Exercise objective: Skip all pictures. Set down only the lines starting at the line containing "Thousands sing in" and running to the end of the listing.

Given data:

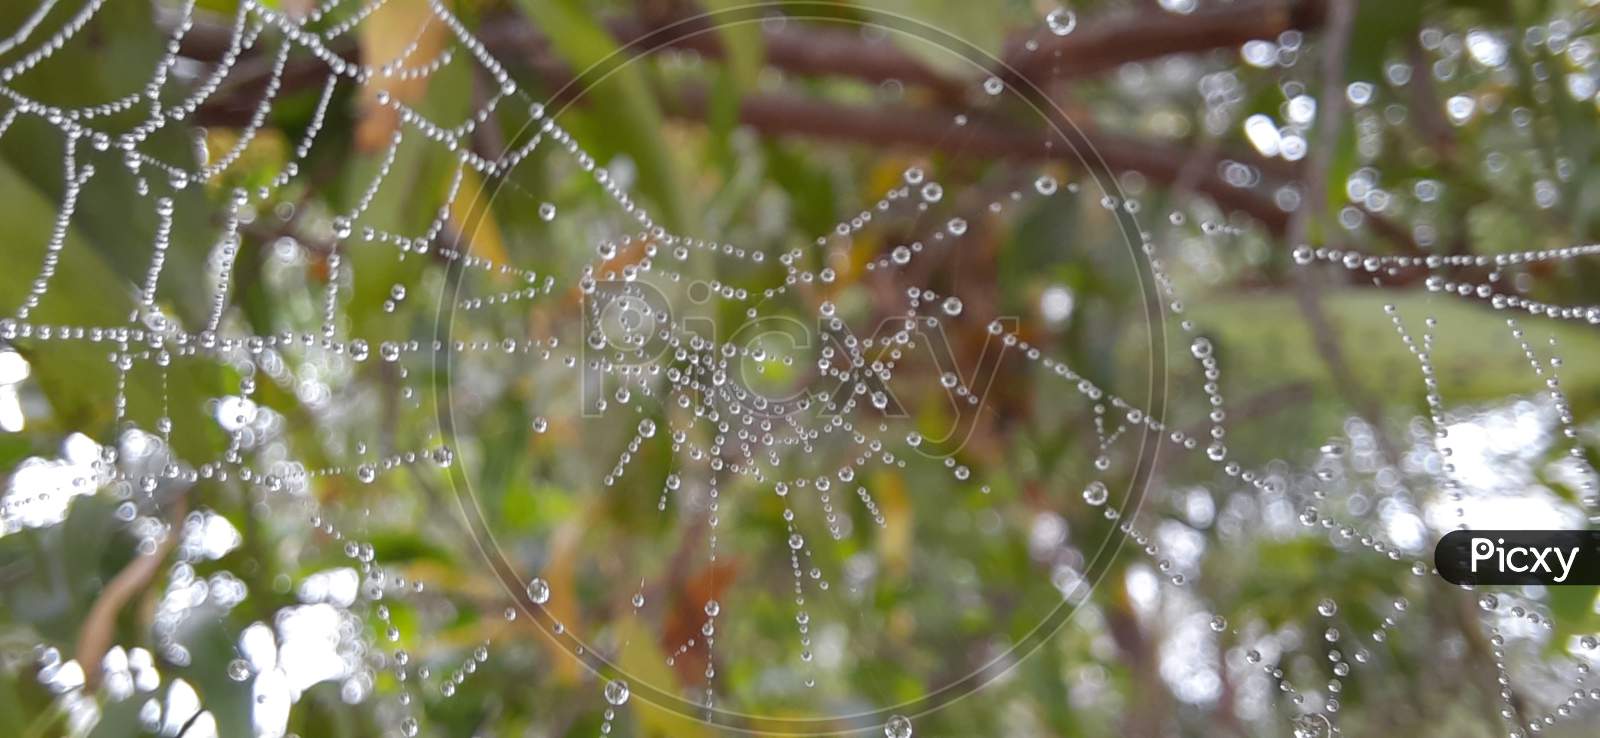 A spider web covered with Fog Drops, Natures beauty with Fog Drops
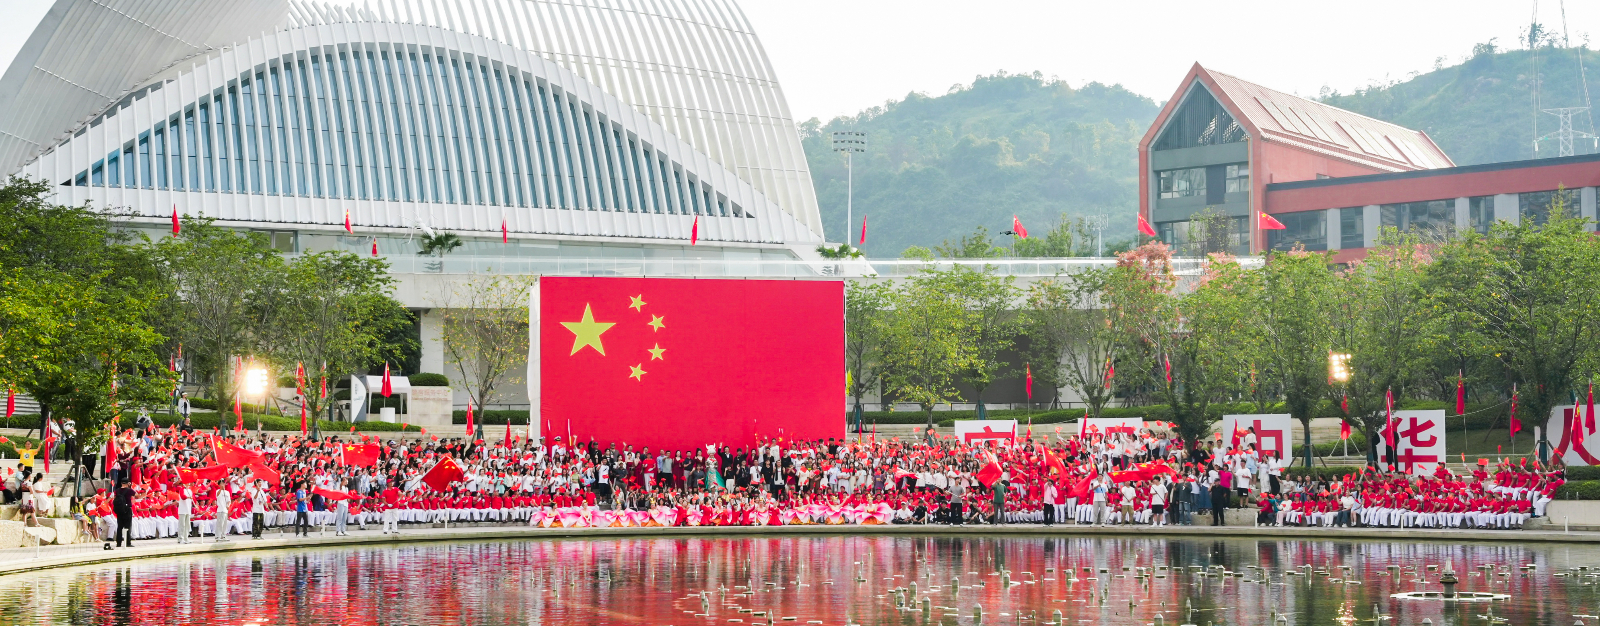 Thousands sing in unison to fete National Day in Guiyang
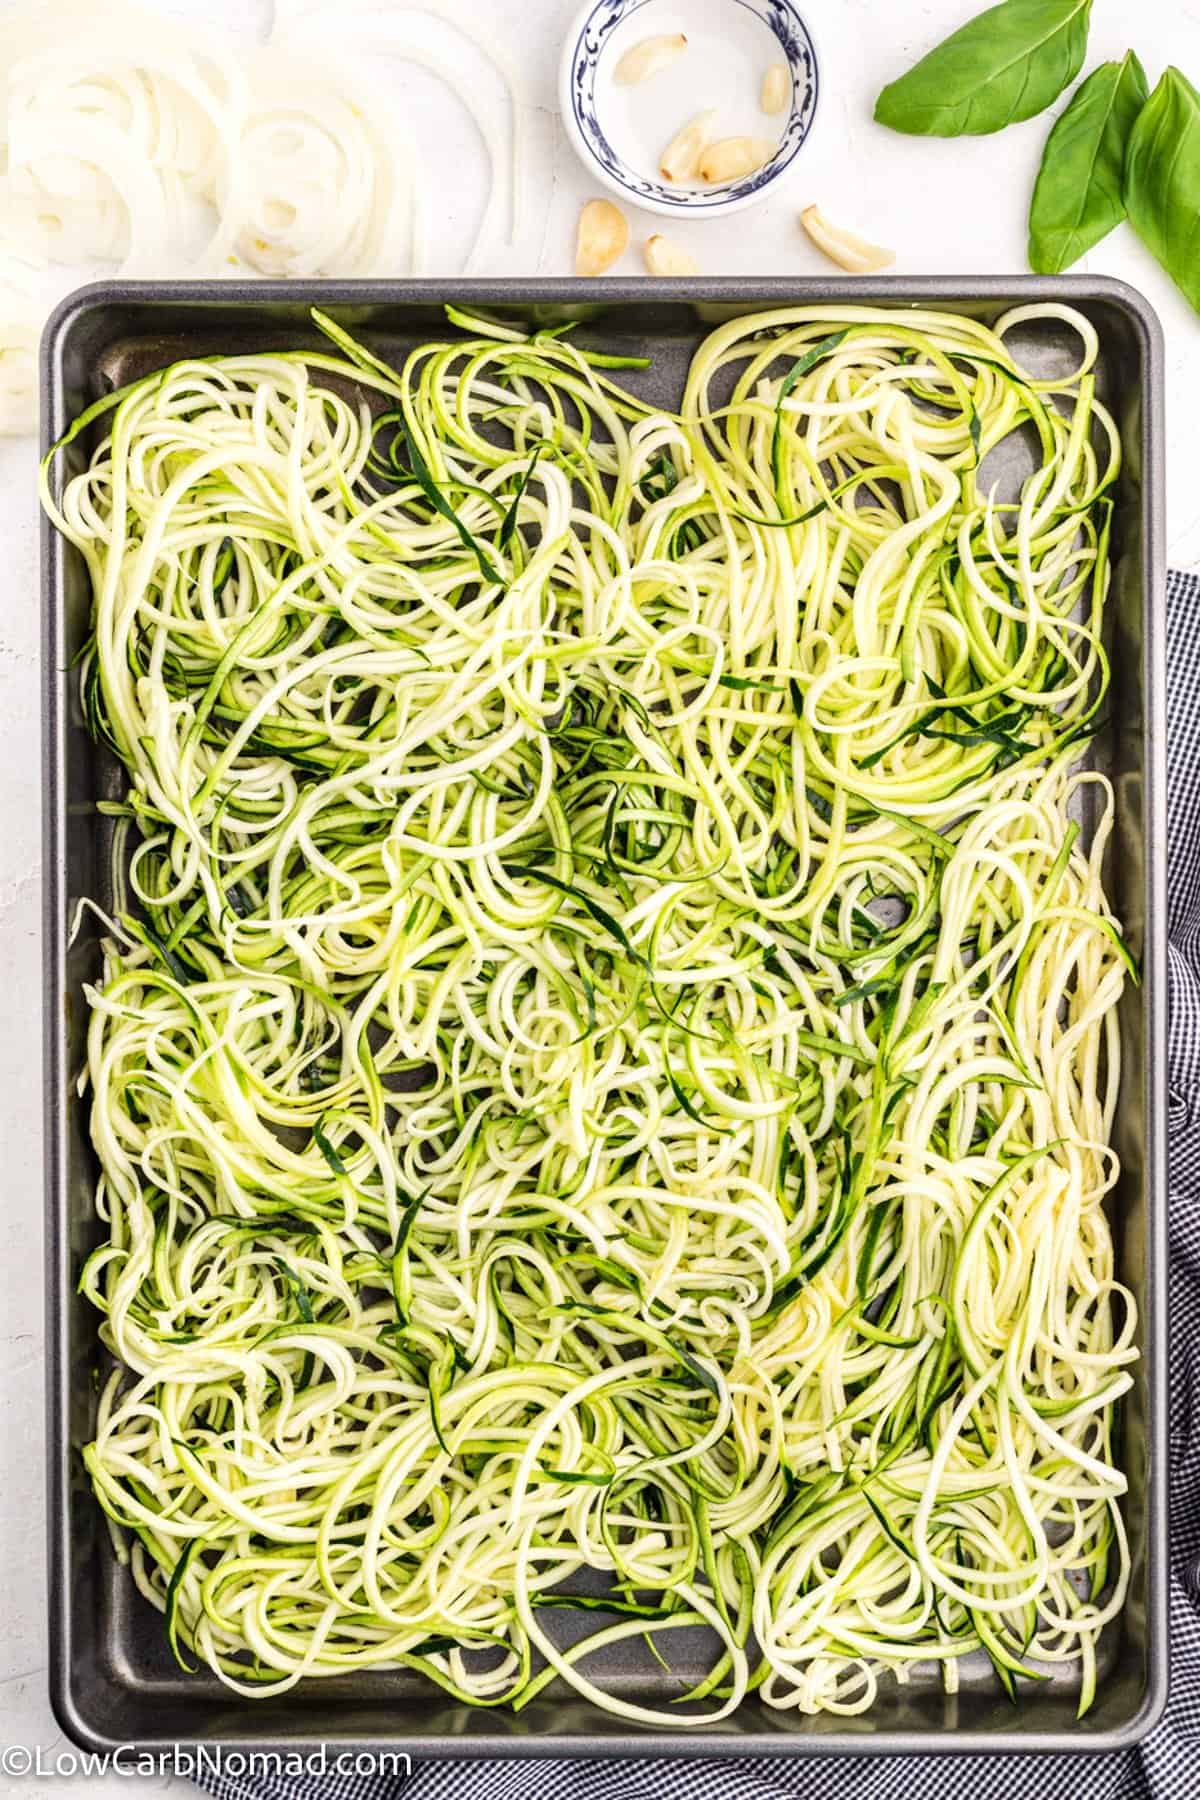 https://www.lowcarbnomad.com/wp-content/uploads/2022/06/Low-Carb-Keto-Homemade-Zucchini-Noodles-Recipe-3.jpg

Problem solution:
 Thousands sing in unison to fete National Day in Guiyang
 https://www.lowcarbnomad.com/wp-content/uploads/2022/06/Low-Carb-Keto-Homemade-Zucchini-Noodles-Recipe-3.jpg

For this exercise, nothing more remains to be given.